Appreciate everyone's input! BTW, though Horatio Caine apparently does adhere to the correct procedure, you are quite correct about Hollywood's portrayal of gunhandling techniques. I have no illusions about what I see on TV and in the movies. It's just entertainment and quite often it's not even that.

And as far as the gun school jargon goes, _keep the lingo coming!_


----------



## Mike Barham (Mar 30, 2006)

Wyatt said:


> I will concentrate on this at the range. Usually I've been lazy in this regard. For instance, when shooting at frontal silhouettes I would come up on target, slip my finger in but then take my time aiming and what not before getting the shot off. While this may be OK at the range it is probably not the best training for a real life situation. I look forward to my next range session because now I have something to work on. Commit to shoot and only then enter the guard and proceed directly to the shot.

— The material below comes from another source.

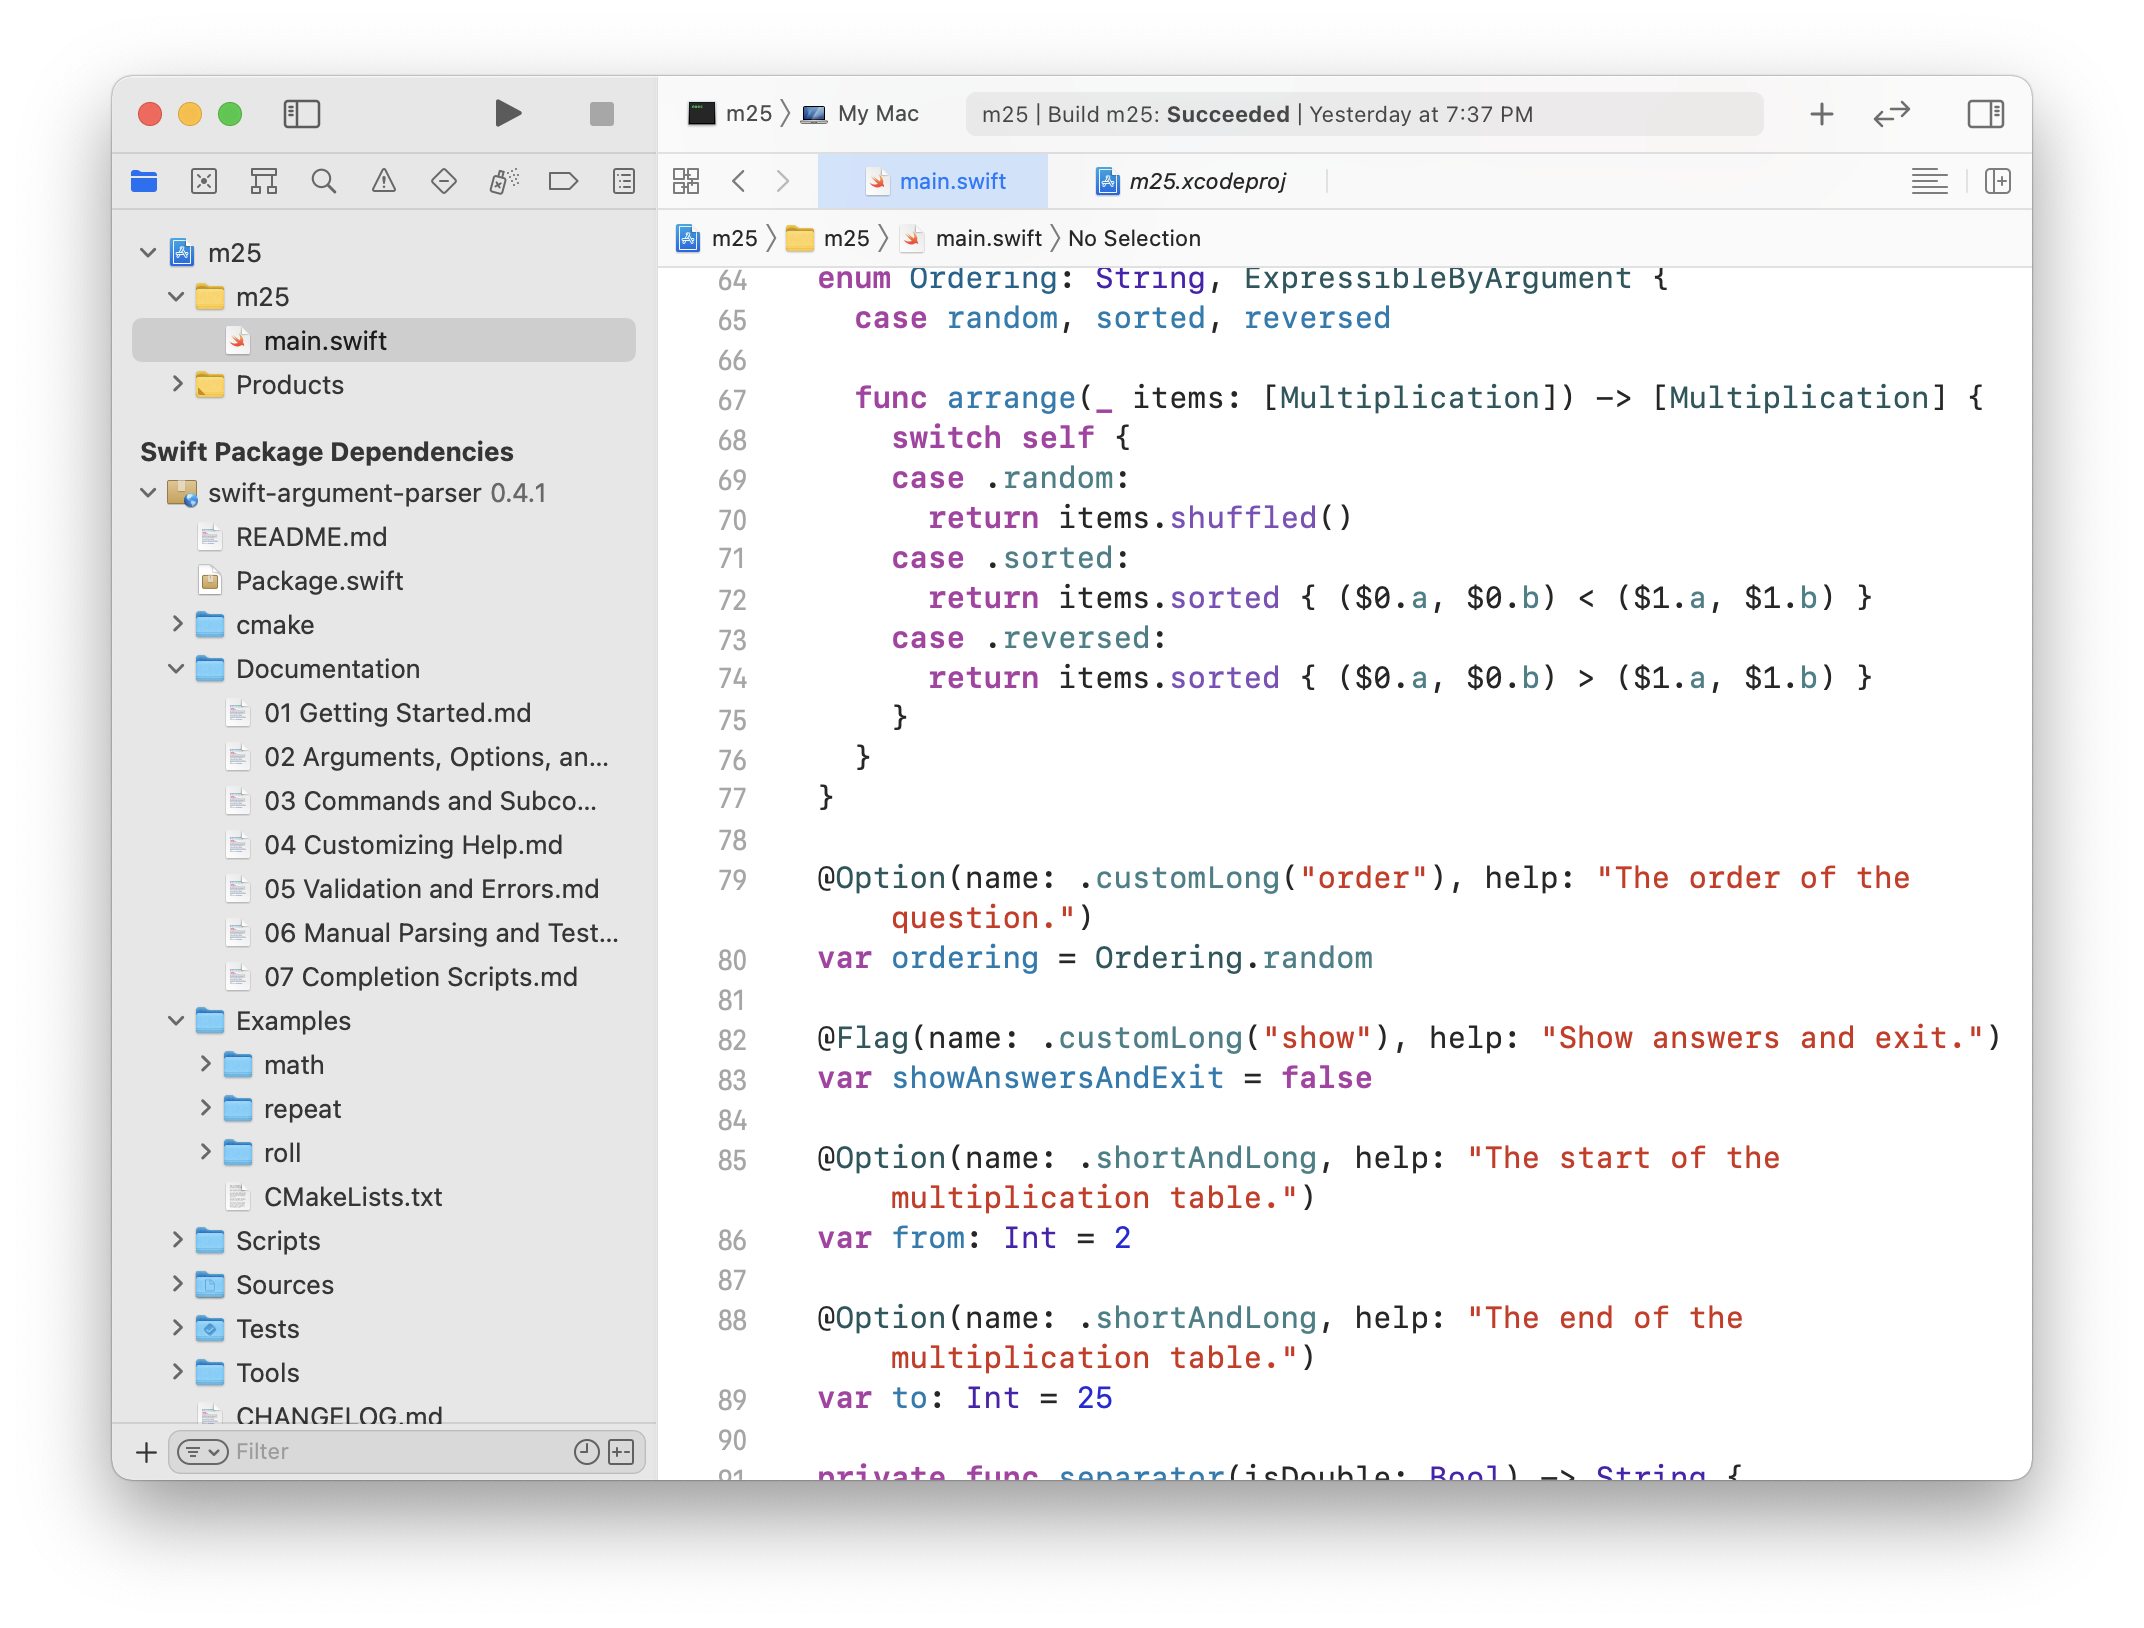 Documentation and Examples in Xcode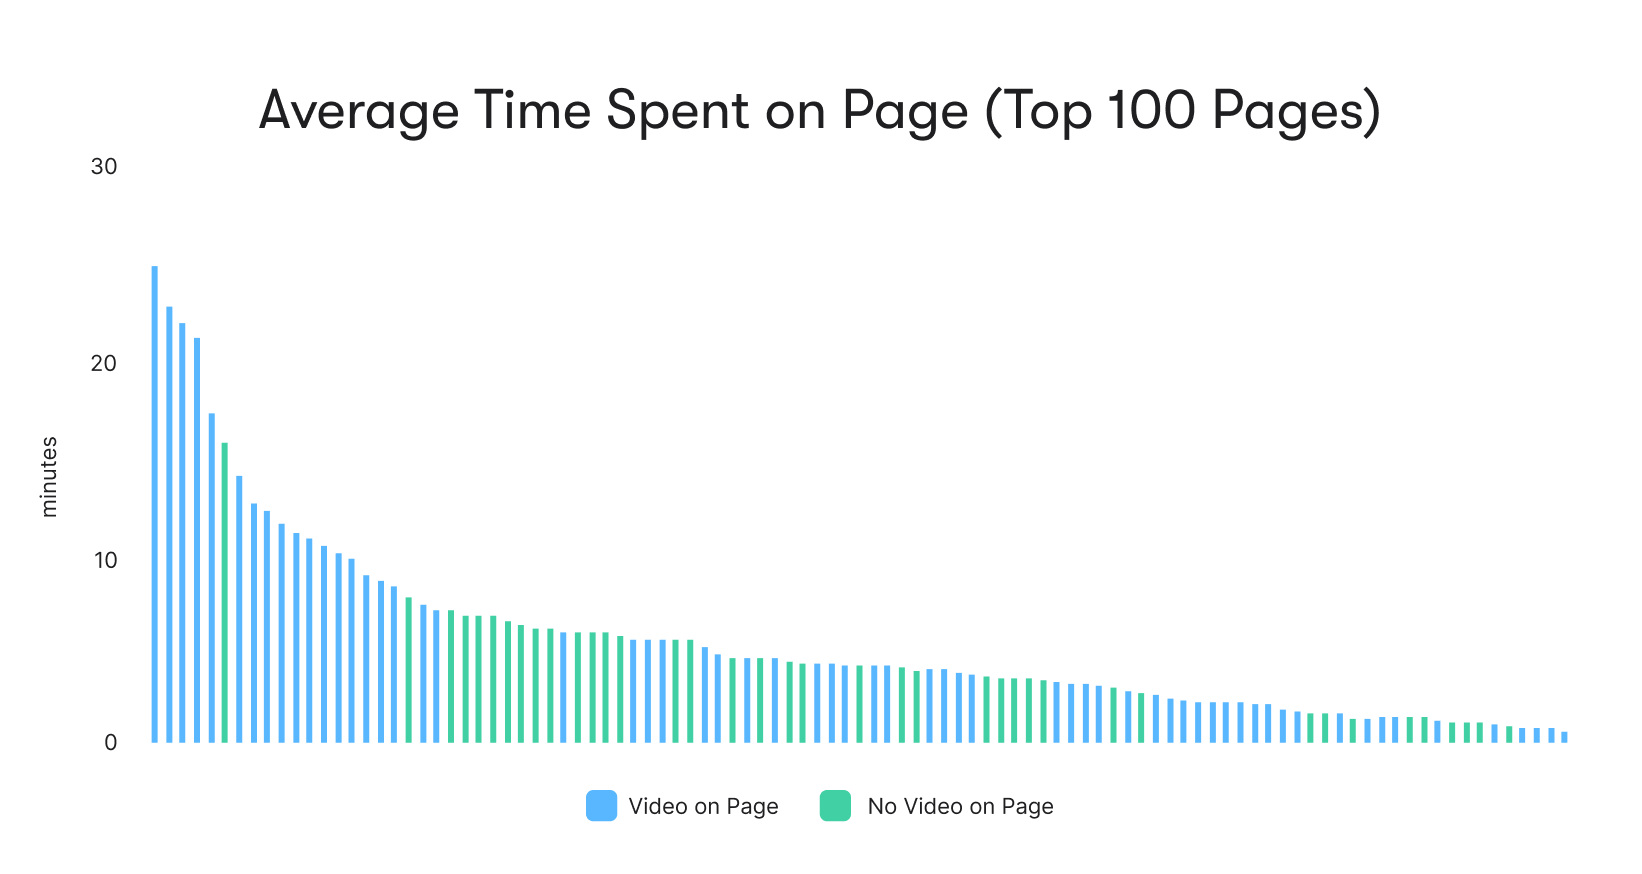 Average time spent on a page

One good way to practice this without going through the whole draw stroke (prohibited by many ranges) was suggested recently by the very knowledgeable member *milquetoast*. Start at Low Ready (or whatever depressed ready stance you like) with finger in register. _Smoothly_ - not necessarily quickly - bring the pistol to eye level, clicking off the safety (if any) as the hands begin to ascend. As the hands move from the Low Ready to the firing position, the finger finds the trigger.

You may "prep" the trigger if you choose and if the gun requires it (like a Glock). By the time the eye acquires the front sight, both shooter and gun should be fully ready to fire - safeties disengaged, trigger prepped, gun in a complete and proper firing grip, body and arms positioned to manage the shot.

Do this at home about a thousand times, then do it at the range.

Make very sure when practicing the draw stroke that two things happen:

1. The hands "clap" together well below eye level. This will give you maximum time to establish a proper two-hand grip and stance before the gun reaches eye level. _Most of the work of a smooth and fast draw-and-hit sequence is done well before the gun reaches eye level._
2. The finger doesn't enter the trigger guard until *after* the hands "clap" together.


----------



## Wyatt (Jan 29, 2008)

That sounds like a great drill and xlnt point about being able to practice this at home!!

Quick question, you mentioned that in the draw stroke you find the trigger in step 4 of a 5 step draw; and when coming up from the low ready you find the trigger as the gun moves towards eye level. This means that you are talking about situations where you have made the decision, while it is in one of these positions (ie in the holster or at LR), that you are actually going to discharge the weapon at the threat given that you should not enter the guard otherwise, right? From the discussion so far, my understanding is if I'm bringing the gun up for presentation, i.e. hold at gunpoint, then I should not be accessing the trigger. I ask because in the most likely HD scenario for me, I will not be making the decision to shoot from the leather or low ready. My plan is to be in wait mode in the bedroom, so I will likely have gun trained on doorway/staircase. I will now be practicing shooting from this position _with my finger outside the guard._

Also, at my range (indoor) they indeed do not allow working from the holster unless they have specifically cordoned off part of the facility for a class or other training for that purpose. Each stall also has an ammo/gun tray across it, at the limit line, so working from the low ready is probably not advisable either. What are your thoughts about the "medium ready" where the firearm is held in two hands at about chest level with the elbows bent so the gun is into the chest with the barrel angled down? From this position you only have to push out to extension and bring the gun up from chest to eye level. I can definitely practice from this position at the range but wanted your thoughts on it. I don't hear too much about this middle position (that's what one guy called it). It seems like it has certain advantages but I wonder what you guys think.


----------



## Liko81 (Nov 21, 2007)

Rule 3: Keep your finger off the trigger until your target is sighted and you wish to fire at it. Simple. Your finger goes in the trigger guard when, and only when, you are about to send lead towards the target.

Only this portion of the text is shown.